All that is great for starters, but it will be for naught if the Nets don't play to expectations.
"The crowd was into the game and that's the way it's going to be when we play the Knicks," Johnson said. "I don't know if the Knicks-Nets rivalry is about building a brand. I think you build your brand by winning, by winning in the playoffs, by hopefully getting to the Finals. You build your brand by consistency, and (Knicks aside), we still have to play other NBA teams and be successful against them."
Last weekend, however, Johnson was anything but impressed, for defensively the Nets weren't tough, but soft, so Johnson gave his men wearing the hip black-and-white a reality check. Talking and playing tough are two different things. Because the latter was the total opposite of the former, Johnson grew disappointed and let his team have it through the media after Sunday's open practice at the Barlcays Center.
Johnson commanded that an iron-and-steel defense be part of the Nets' DNA. While Brooklyn proceeded to make life miserable for Carmelo Anthony, holding the star forward to four of 13 from the field despite 15 points, Raymond Felton looked deft as the Knicks' floor general with 15 points and five assists.
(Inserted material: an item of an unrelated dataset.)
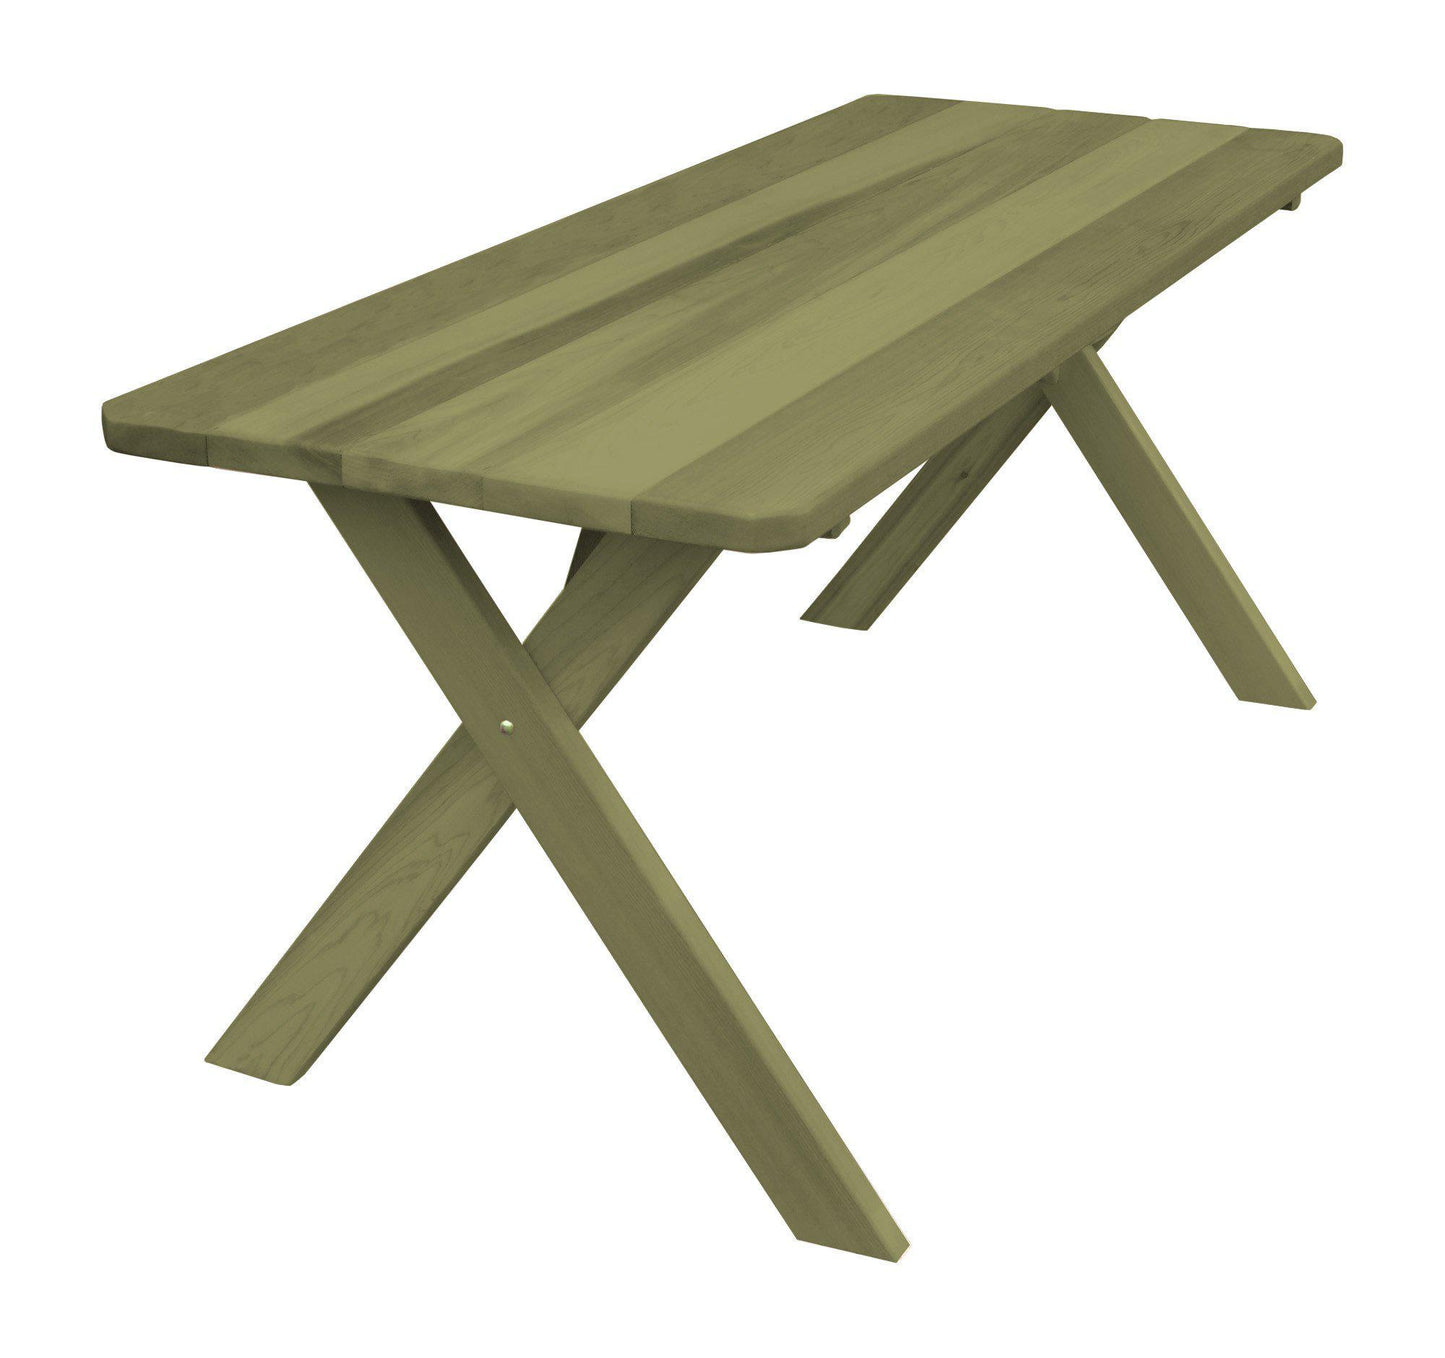 A&L FURNITURE CO. Western Red Cedar 70" Cross-leg Table Only - Specify for FREE 2" Umbrella Hole - LEAD TIME TO SHIP 2 WEEKS

Third guard Pablo Prigioni (team high 11 helpers) directed traffic throughout overtime, when late in the extra session, sharpshooters Steve Novak and Mychel Thompson buried the Nets with consecutive three-pointers to give the Knicks a four-point lead with 44.3 seconds left, sending the partial crowd into a frenzy.
Brooklyn may indeed have a team. They may end up with a winning team. But New York's team? There's miles and miles to go before they fulfill one of the Big Russian's big dreams.
"We have to convince some of our players that we have to get tougher in those situations," Johnson said. "We're not there yet, we're not a finished product, so whatever happens when we play New York, they're gonna be big games, but we're not going to take any games more seriously than others.